铁手问出了自己最想知道的,“那凤翎冷,又作何解释?”
男子道:“凤翎沉沈,是沈家沈越的佩刀,沈越不及弱冠,拿着凤翎刀在江湖已经罕有敌手。江湖上素来有‘北苏南沈’的说法,‘北苏’是你们京师金风细雨楼楼主红袖刀苏梦枕,‘南沈’便是江南沈家凤翎刀沈越。”
那冰冷清寒的声音更冷了几分,道:“那是江湖人无知,谁的刀法配和沈越的凤翎刀法相提并论。”
他这自然是偏颇之词,女子笑道:“大师兄,你在别人跟前说有人和沈越相提并论,岂不是犯了小师弟的忌讳,快改了口吧。”
男子笑了笑,冲楼下道:“三位见笑。”
铁手笑道:“兄台客气了。”
那冰冷清寒的声音道:“沈越的凤翎刀法纵横江湖之时,江湖上谁知道苏梦枕,等到沈越刀法大成封刀归隐,江湖上才有了红袖刀苏梦枕。”稍一顿,“我要走了,师兄师姐呢?”
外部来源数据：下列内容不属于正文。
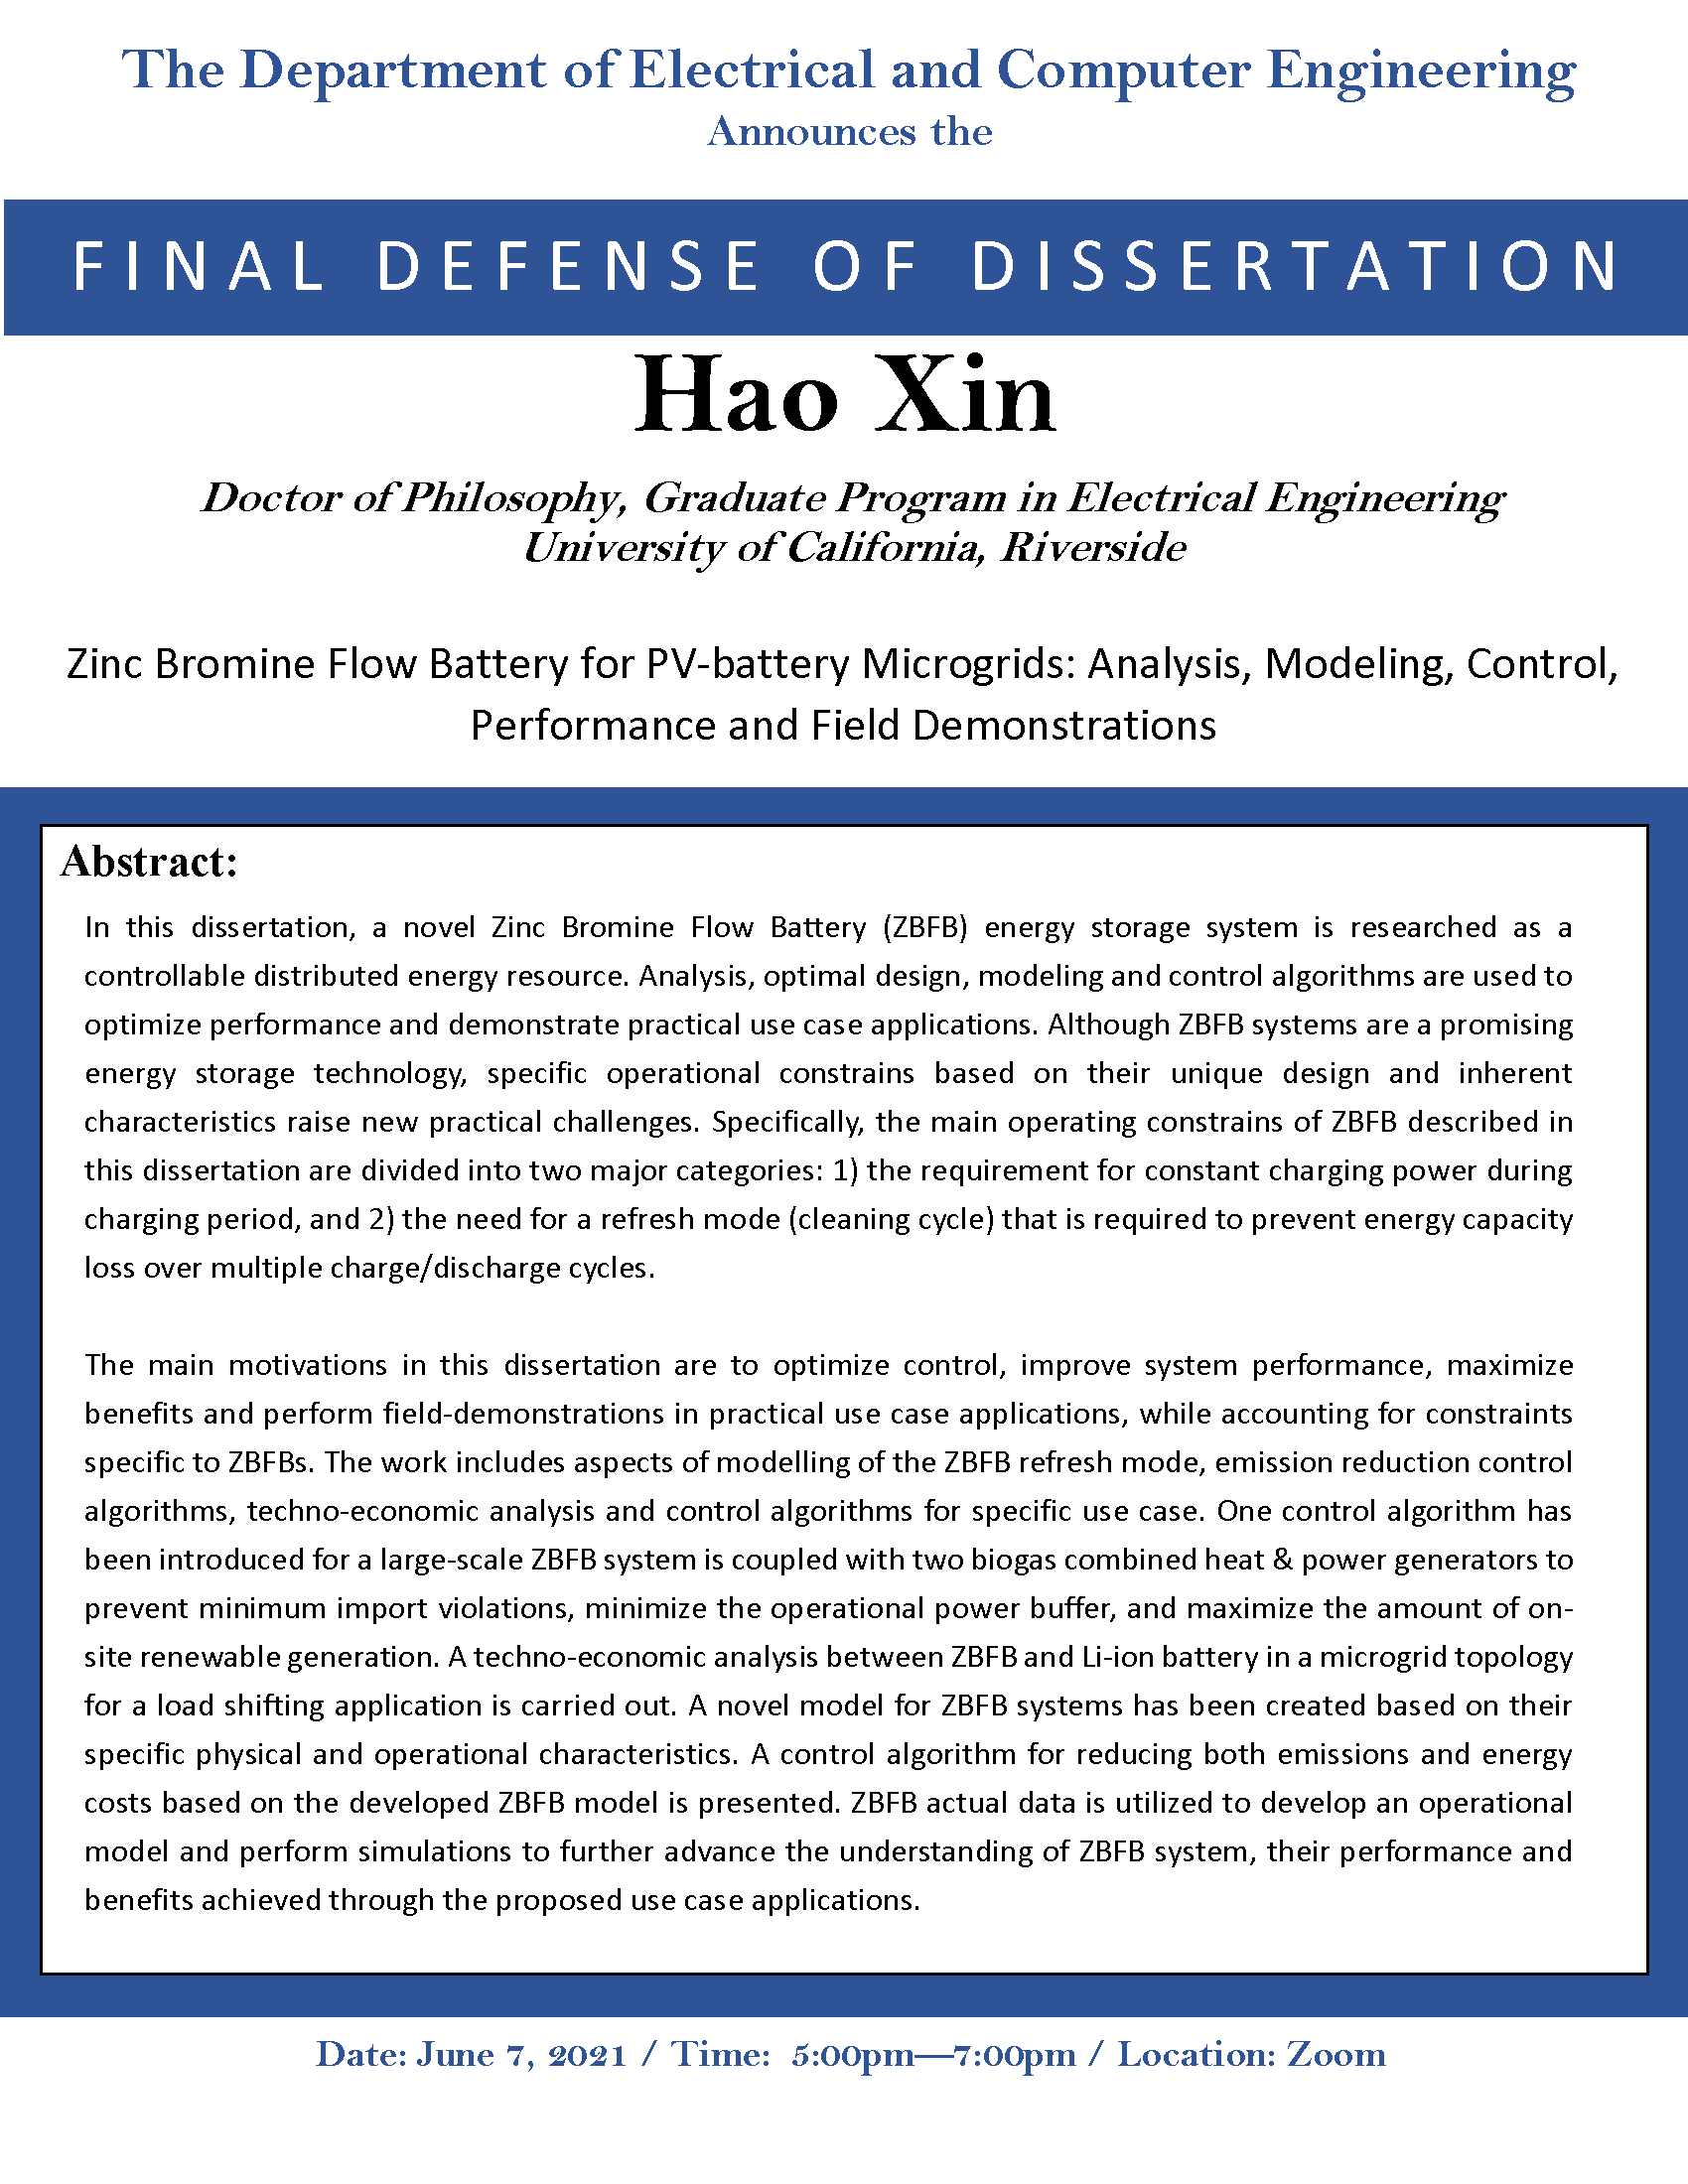 Final Defense of Dissertation: Hao Xin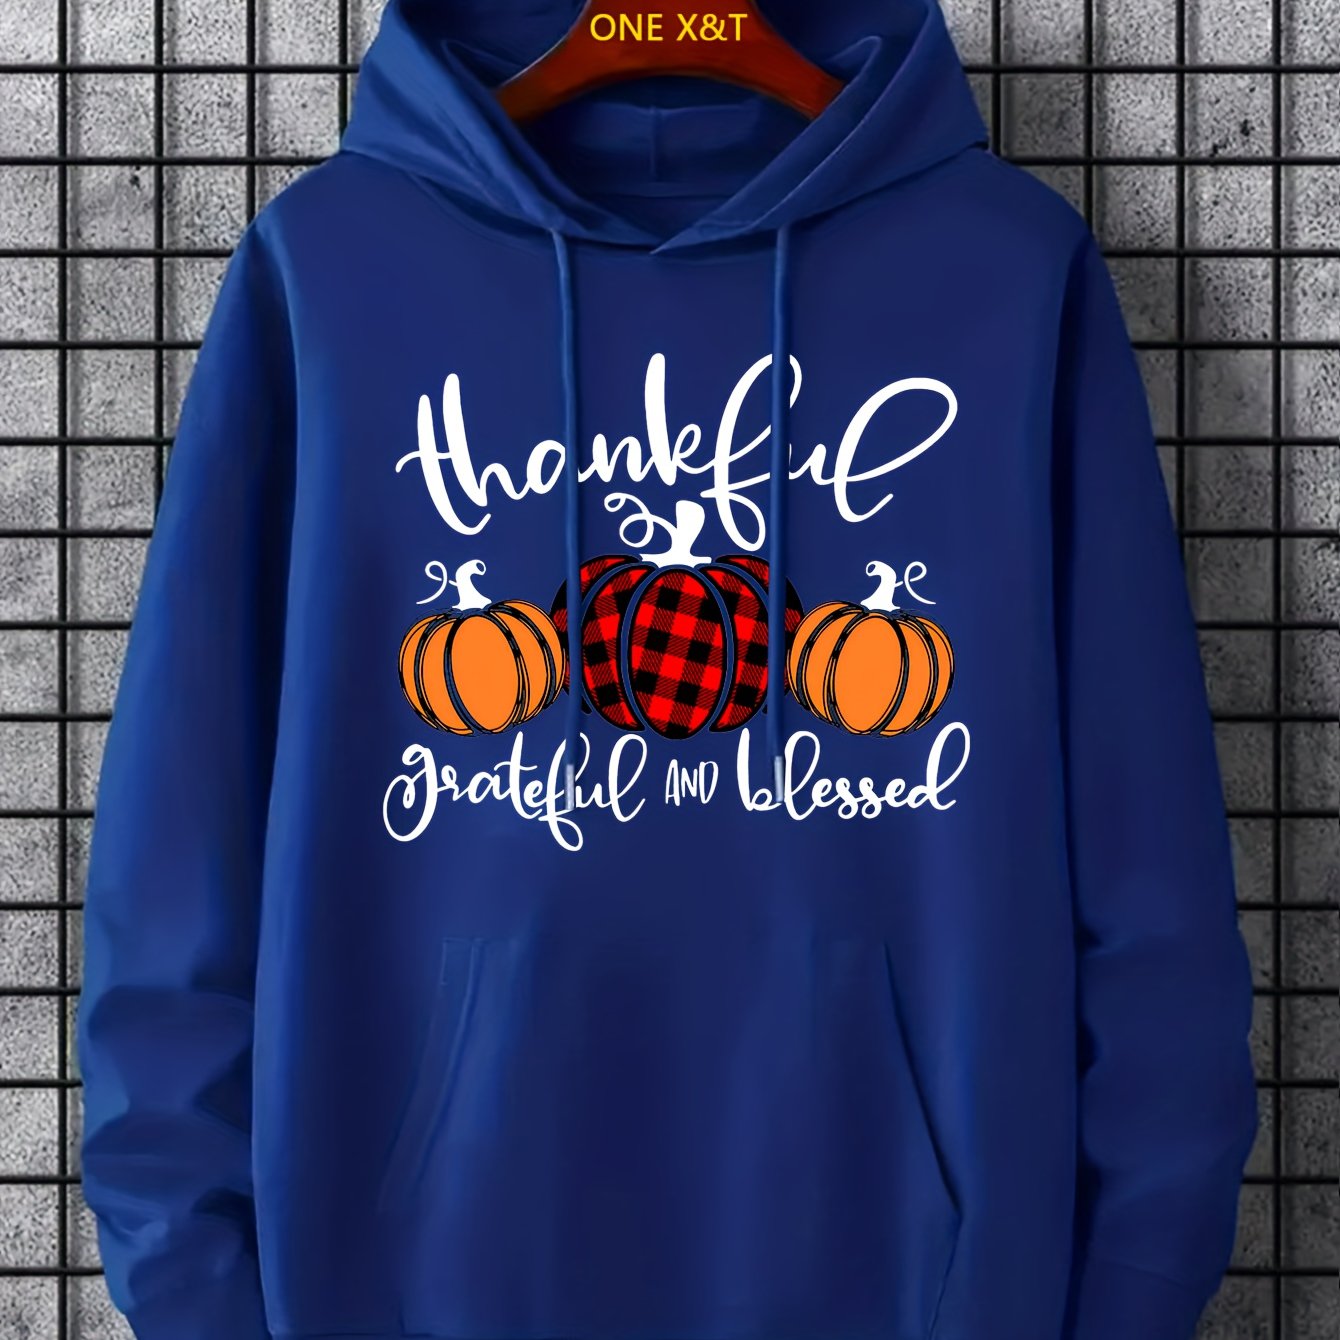 Thankful, Grateful And Blessed (Thanksgiving Themed) Men's Christian Pullover Hooded Sweatshirt claimedbygoddesigns

女子苦笑,嗔道:“偏你脾气大,罢了,大师兄,我们也走吧。”
三人下楼来,为首的是一个独臂男子,他冲铁手点了个头,去柜台付账。
他身后一对年轻男女走向门口。
追命被叫醒之后就埋头吃饭,他是有饭万事足的性子,却坐不住,此时便好奇的打量门口的白衣男子和嫩绿衣裳少女,一看之后立即惊讶的扯着莫罹衣袖,急着道:“哥哥,哥哥,你快看,那个白衣服的哥哥长得和你一模一样!”
作者有话要说: 小白出场了,撒花撒花
☆、天涯霜雪
铁手看向白衣男子,结账的独臂男子则看向此际抬起头的莫罹,都是同样的错愕。
莫罹只看了一眼——那是个有着和自己相同面目的,妖气横生的白衣男子——他收回目光,对追命淡声道:“人有相似,不足为奇。”
追命不依不饶,“可是,白衣服的哥哥和哥哥一模一样啊,不是相似,他也是哥哥吗?”
莫罹还未张口,白衣男子已经冷笑出声,他声音本就冰冷清寒,此时更是寒若霜雪,让人听得心底发寒,“我不过是一个孤魂野鬼,可当不起南方总捕的一声‘哥哥’。”说着,冷哼一声,扭头看向门外。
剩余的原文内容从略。